Records for the task:
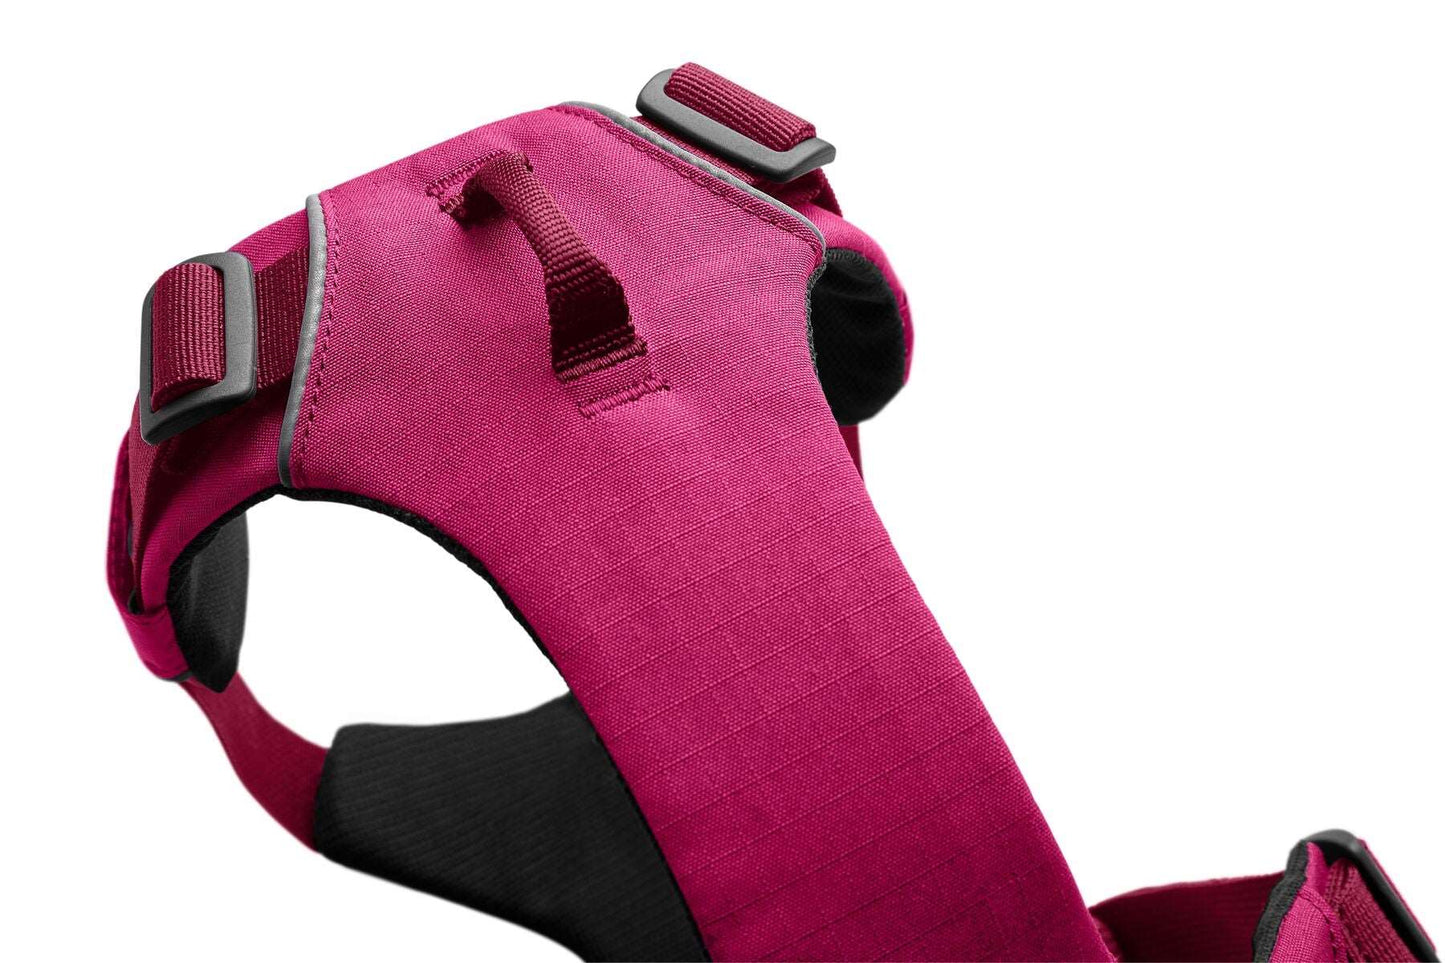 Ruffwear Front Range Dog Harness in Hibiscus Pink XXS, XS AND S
...
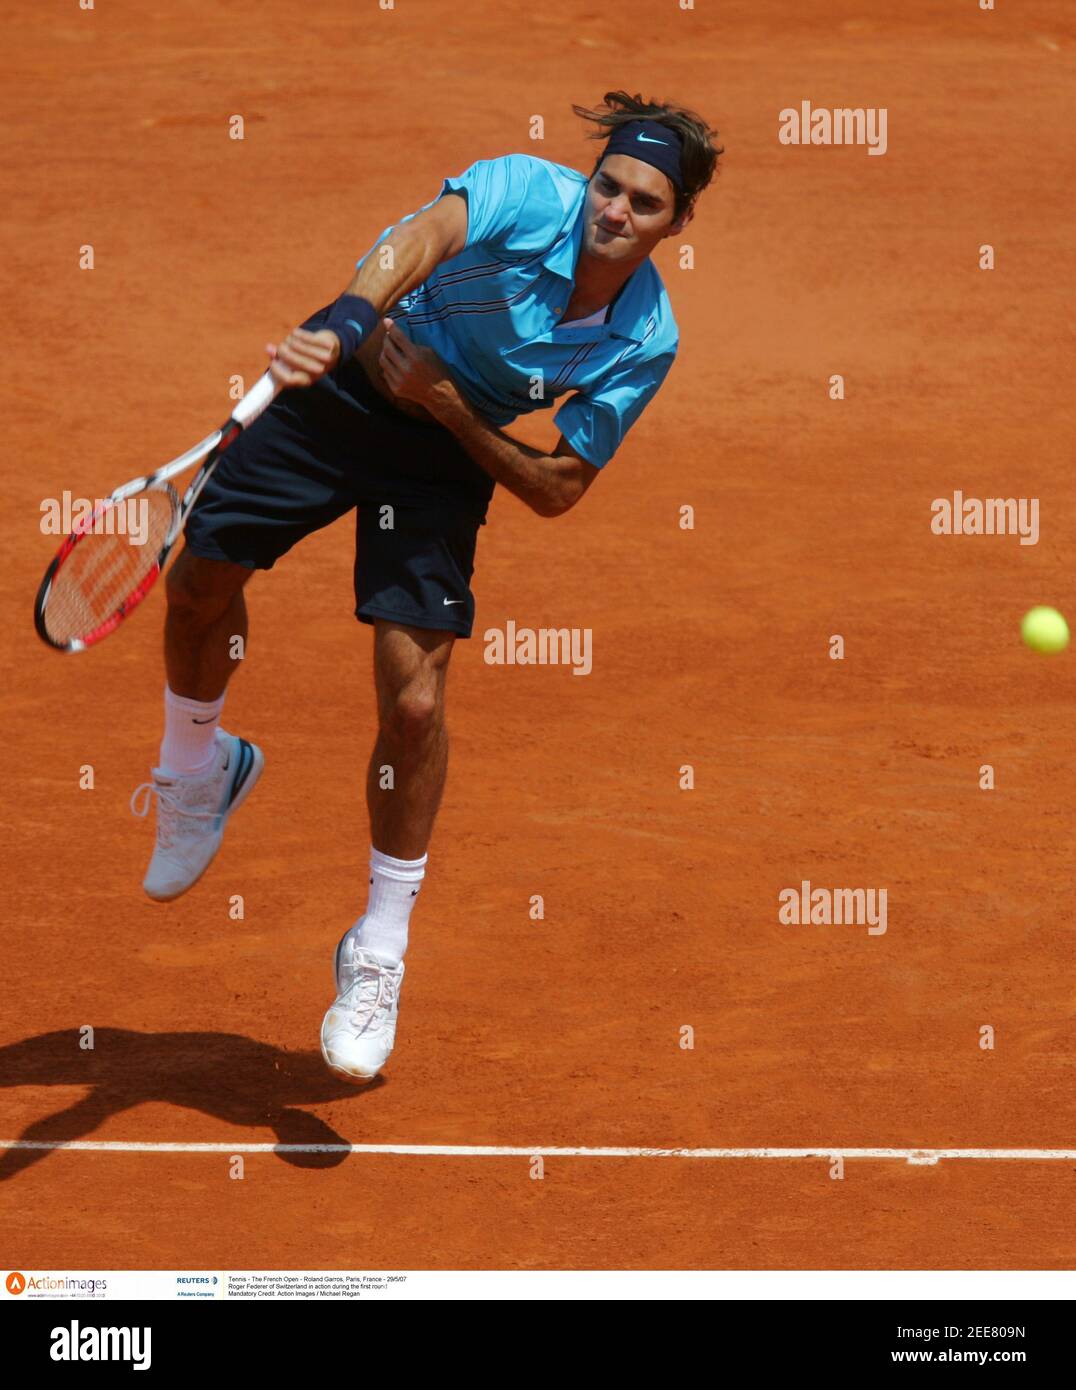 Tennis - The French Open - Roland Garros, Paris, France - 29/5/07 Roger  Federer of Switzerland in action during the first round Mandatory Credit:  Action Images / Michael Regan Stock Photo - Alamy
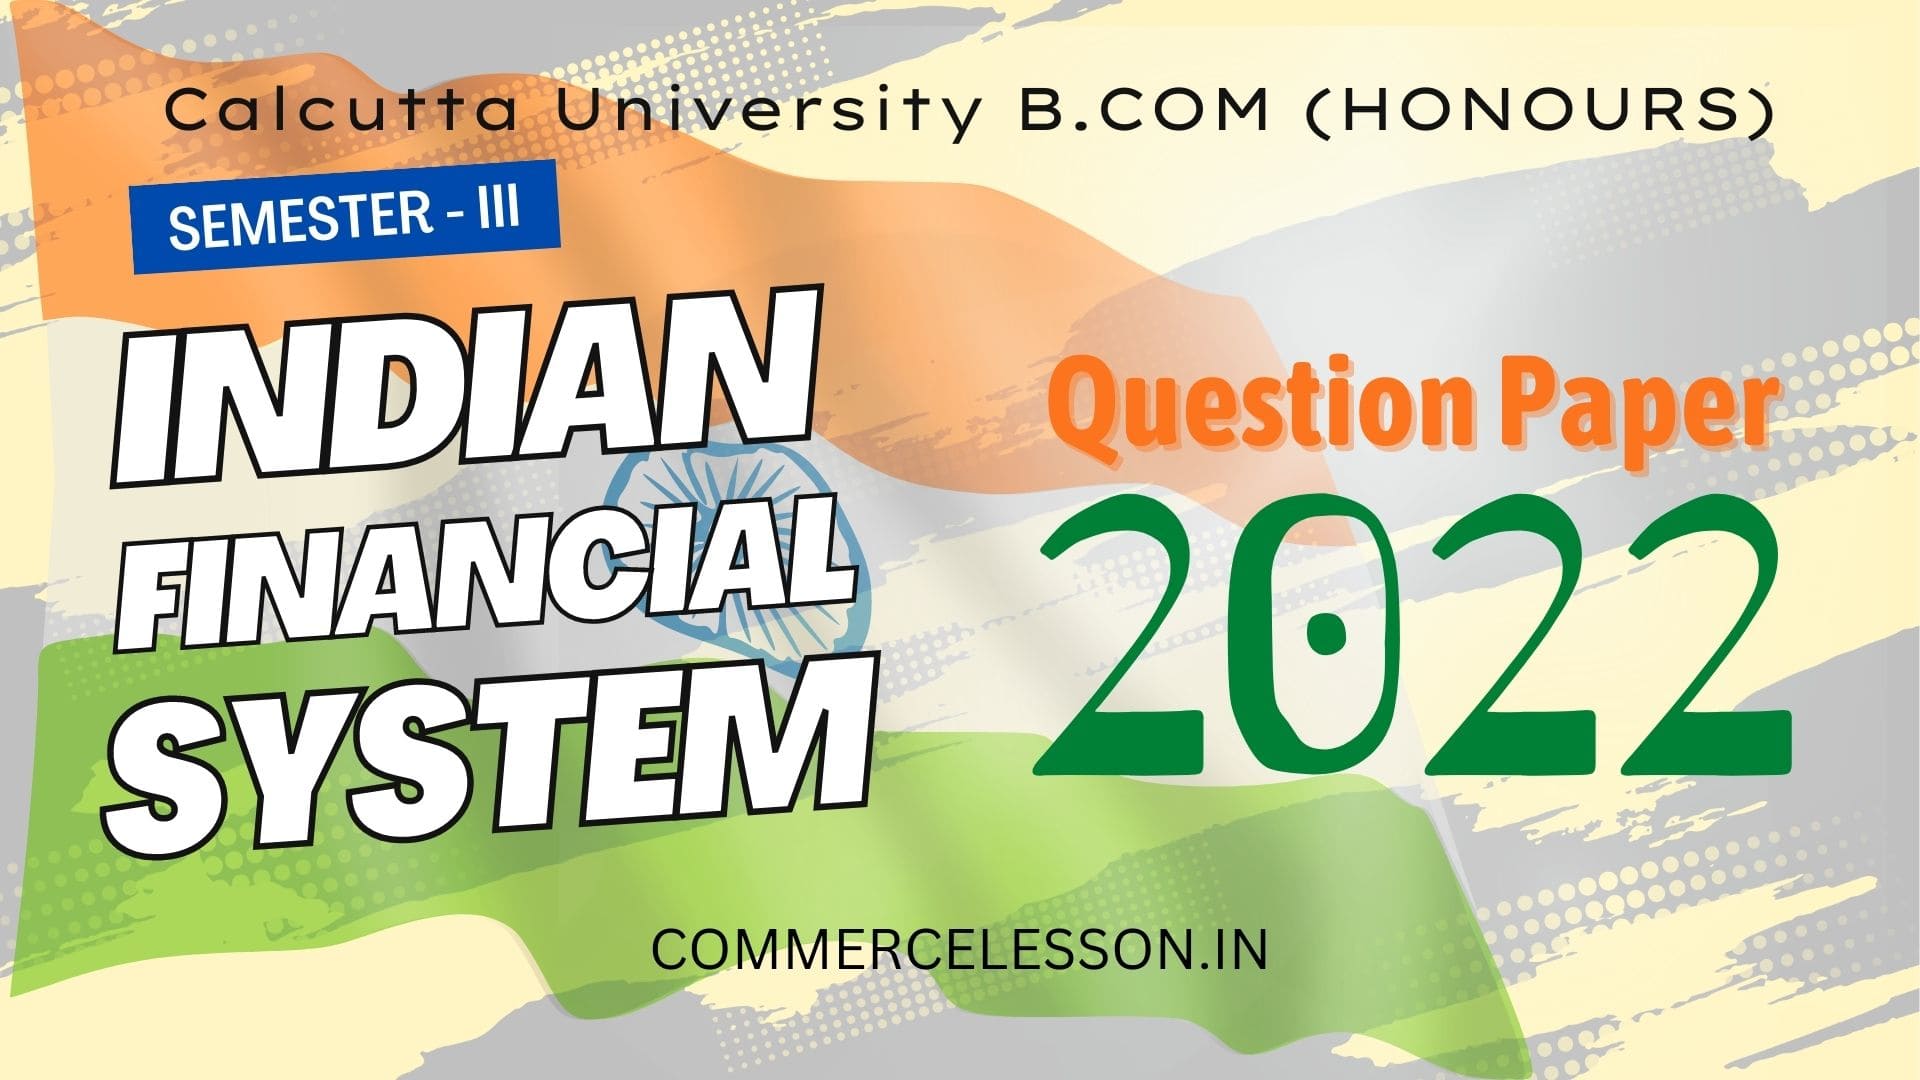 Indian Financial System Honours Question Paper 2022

Task to carry out:
All that is wanted is the lines above between the one containing "Tennis - The" and the one containing "Indian Financial System", inclusive, restated word for word, with pictures omitted.

Solution for this task:
 Tennis - The French Open - Roland Garros, Paris, France - 29/5/07 Roger  Federer of Switzerland in action during the first round Mandatory Credit:  Action Images / Michael Regan Stock Photo - Alamy
 Indian Financial System Honours Question Paper 2022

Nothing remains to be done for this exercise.